I risultati ottenuti attraverso lo strumento MHQ (Mind Health Quotient), una scala che valuta il benessere sociale, emotivo, cognitivo e fisico, mostrano un chiaro legame tra età di primo accesso allo smartphone e salute mentale in età adulta. Più precoce è stata l’esposizione, più bassi sono stati i punteggi. Per esempio, chi ha ricevuto il primo dispositivo a 13 anni ha ottenuto un punteggio medio di 30, ma il punteggio scende drammaticamente fino a 1 per chi lo ha avuto già a 5 anni. Allo stesso modo, la percentuale di giovani considerati in stato di disagio – ovvero con almeno cinque sintomi severi – è cresciuta del 9,5% tra le ragazze e del 7% tra i ragazzi. Il fenomeno è risultato omogeneo in tutte le regioni del mondo, confermando l’esistenza di una finestra di vulnerabilità comune nei primi anni dell’adolescenza. In particolare, le giovani donne hanno mostrato una maggiore fragilità emotiva, bassa autostima e minor resilienza, mentre nei coetanei maschi sono emerse instabilità emotiva, ridotta capacità empatica e scarsa autostima.

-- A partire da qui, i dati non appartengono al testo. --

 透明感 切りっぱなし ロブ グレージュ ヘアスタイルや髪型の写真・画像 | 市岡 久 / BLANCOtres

Un’ulteriore analisi del team di Sapien Labs ha indicato che l’accesso precoce ai social media spiega circa il 40% dell’associazione tra uso infantile dello smartphone e disagio mentale in età adulta. Seguono le relazioni familiari disfunzionali, che contano per il 13%, i disturbi del sonno per il 12% e il cyberbullismo per il 10%. Secondo i ricercatori, la pandemia da COVID-19 potrebbe aver contribuito ad amplificare queste dinamiche, ma la costanza delle tendenze osservate su scala globale indica un impatto di natura più ampia e strutturale.

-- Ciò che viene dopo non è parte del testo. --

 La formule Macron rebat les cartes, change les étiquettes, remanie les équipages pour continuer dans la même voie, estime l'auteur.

Gli autori dello studio precisano che al momento non esistono prove conclusive di un nesso causale diretto tra possesso precoce dello smartphone e disagio psichico, ma aggiungono che “l’entità del danno potenziale è troppo grande per essere ignorata”, sostenendo che un approccio precauzionale è giustificato. Da qui l’appello a introdurre quattro azioni concrete: rendere obbligatoria l’educazione alla cittadinanza digitale e alla salute mentale, rafforzare i controlli sull’età di accesso ai social media e prevedere sanzioni per le aziende che li aggirano, limitare l’uso dei social media e introdurre restrizioni graduate per l’uso degli smartphone.

“Nel complesso – afferma Thiagarajan – queste raccomandazioni politiche mirano a proteggere la salute mentale durante le fasi più delicate dello sviluppo. Ma la loro attuazione richiederà volontà politica, efficacia nei controlli e un’azione condivisa tra più soggetti”. E sottolinea che esistono già modelli di riferimento: “negli Stati Uniti, l’accesso degli under 21 all’alcol è regolato da un sistema combinato di responsabilità genitoriale, commerciale e aziendale”.

Thiagarajan conclude osservando che “le nostre evidenze indicano come il possesso di uno smartphone durante l’infanzia, vera e propria porta d’ingresso agli ambienti digitali guidati dall’intelligenza artificiale, stia compromettendo profondamente la salute mentale in età adulta, con ricadute profonde sulla capacità decisionale individuale e sul benessere sociale”. Confessa di essere rimasta sorpresa dalla forza dei risultati, ma aggiunge che “quando ci si riflette bene, diventa evidente che una mente in fase di sviluppo sia più vulnerabile all’ambiente digitale, proprio per la mancanza di esperienza e protezione”. Infine, lancia un monito: “è vero che servono ulteriori ricerche per comprendere i meccanismi causali, ma aspettare prove definitive rischia di farci perdere la finestra utile per agire in modo preventivo”.